O discurso religioso tem como marca discursiva aquilo que chamamos de subjetivo. Portanto, a religião faz uso da linguagem, mas a desterra daquilo que próprio dela. A saber, a linguagem é uma invenção humana que faz a mediação por excelência; que permite o humano se relacionar, mediar. Que faz a ponte entre ele e um outro.
Mas curiosamente a religião é o uso da linguagem sem o representado. Há uma representação, mas a quem se refere tal representação não é um elemento objetivo. Ele, o elemento representado na religião, por “definição” escapa ao conceito de objetivo; o que nos leva a dizer que não se trata de definição(delimitação), mas de uma sinalização; uma indicação que, assim, não demarca, mas indica para algo maior, além. Ele, o ‘objeto’ da religião, precisa por definição exceder o objetivo.
Será nessa impossibilidade linguística que o humano irá representar o improvável. Dado o fenômeno da linguagem humana, sem aqui nos perguntar como isso se deu, somos confrontado com outra surpresa, a criação do não-representado. Acaba-se de fazer a engenhosa criação da linguagem e imediatamente arruma um negócio, também engenhoso, que parece tergiversar a primeira invenção. O que é pior, não inválida, ao contrário, será nessa contradição que o fenômeno religioso sobreviverá; ainda que sempre contradizendo.

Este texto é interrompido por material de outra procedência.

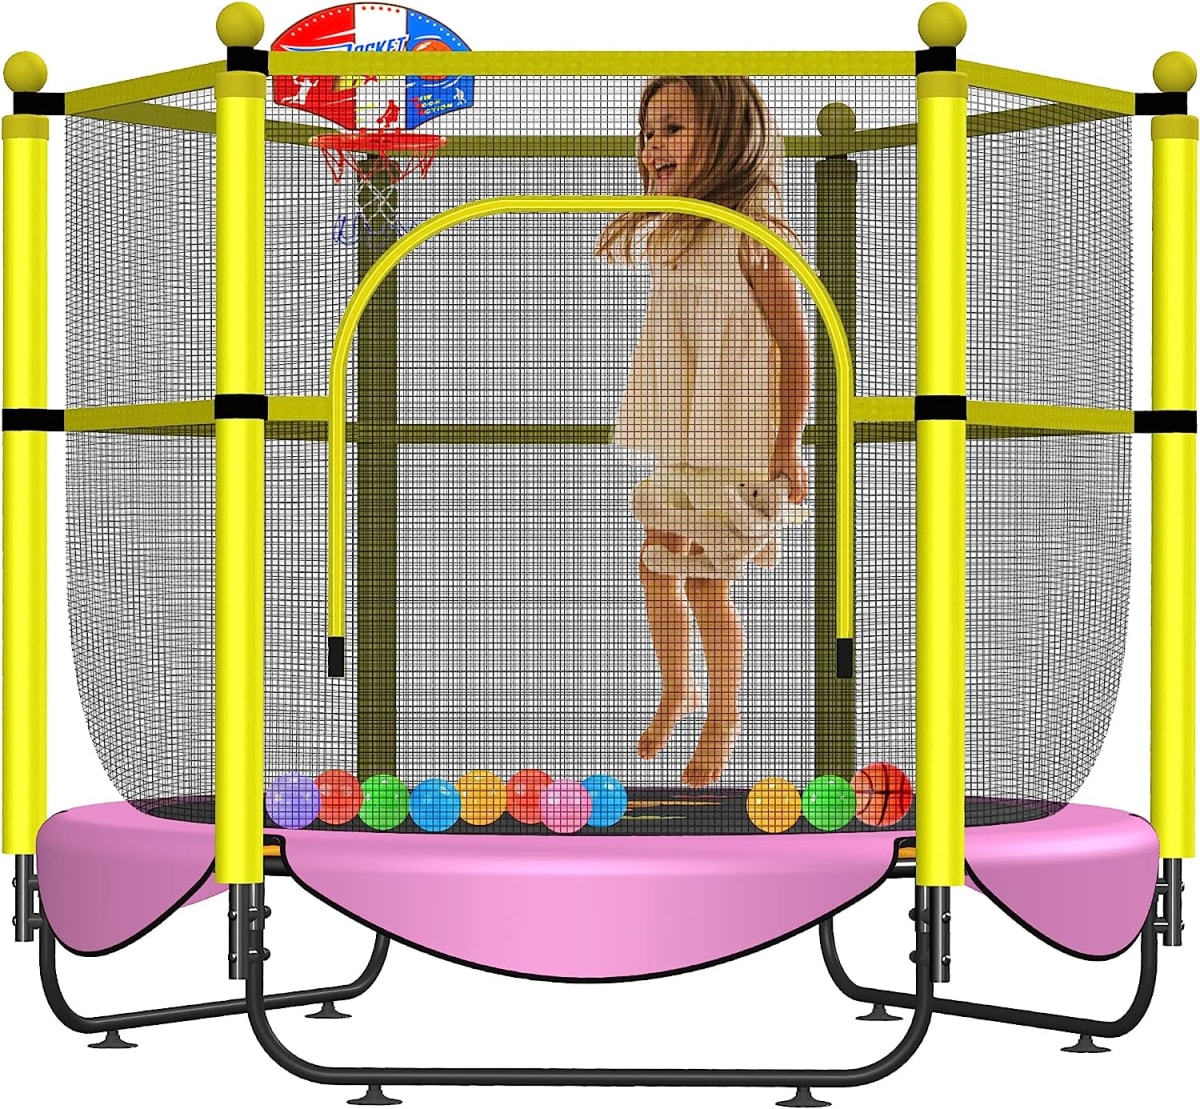 60" Trampoline for Kids with Net

Posto essa base da linguagem e da religião; passemos à sociedades que se organizam utilizando a religião como material didático de exercício do Poder. Nomeadamente o mundo ocidental e os países que se utilizam do cristianismo como fundamento de Poder.
Aqui encontramos o discurso dos Tradicionalistas e suas pelejas com a linguagem. O primeiro que ousa apresentar uma outra interpretação das Escrituras, exercício que em geral é pertinente, logo encontra forte reação dos guardiões da retórica de Poder religioso.
Assim, um Asselm Grün é taxado de herege quanto procura apresentar dimensões novas das Escrituras. Especialmente quando ele se vale da antropologia ou da filosofia para apresentar os temas da religião cristã sobe uma ótica diferente. A briga se instala exatamente por não haver um parâmetro nessas digressões teológicas. Ou seja, o que conta nesse trato estranho que a religião dá à linguagem é o jogo de força. É a ostensiva militância que sempre impõe um jeito de ver; não tem como dizer que há um tipo “universal” de ser cristão, pois por essência o que a linguagem procura representar vai para além dela; O que sempre houve foram indivíduos “briguentos”, que tem gosto por uma boa disputa de prosa.
Como essa coisa pegou por vários anos; até esquecemos ou mesmos não temos paciência para desatar dois mil anos de nós teóricos. Mas podemos ousar dizer que a especialidade do emaranhado cristão está em ser um excelente hospedeiro do Poder. Por essa universalidade é que ele se impôs, por isso Aristóteles foi apreciado nas estruturas jurídicas de uma Idade Média mais elaborada.
E tudo isso nos faz compreender melhor a verve dos Tradicionalista. Para quem está muito bem acomodado no seio do Poder, nutrindo os benefícios dele, mesmo a aparente contradição, que pouco importa para eles, é passível de defesa. Pois a falta de nexo não é um problema, o que importa é a militância impositiva de suas teses religiosas/políticas. Eles já estão habituados e nutridos em um discurso que negligencia por definição as regras da linguagem. Logo, quando essa mesma linguagem apresenta contradições a eles nada tem a dizer; afinal, já lidam e vivem acomodados no discurso religioso essencialmente contraditório.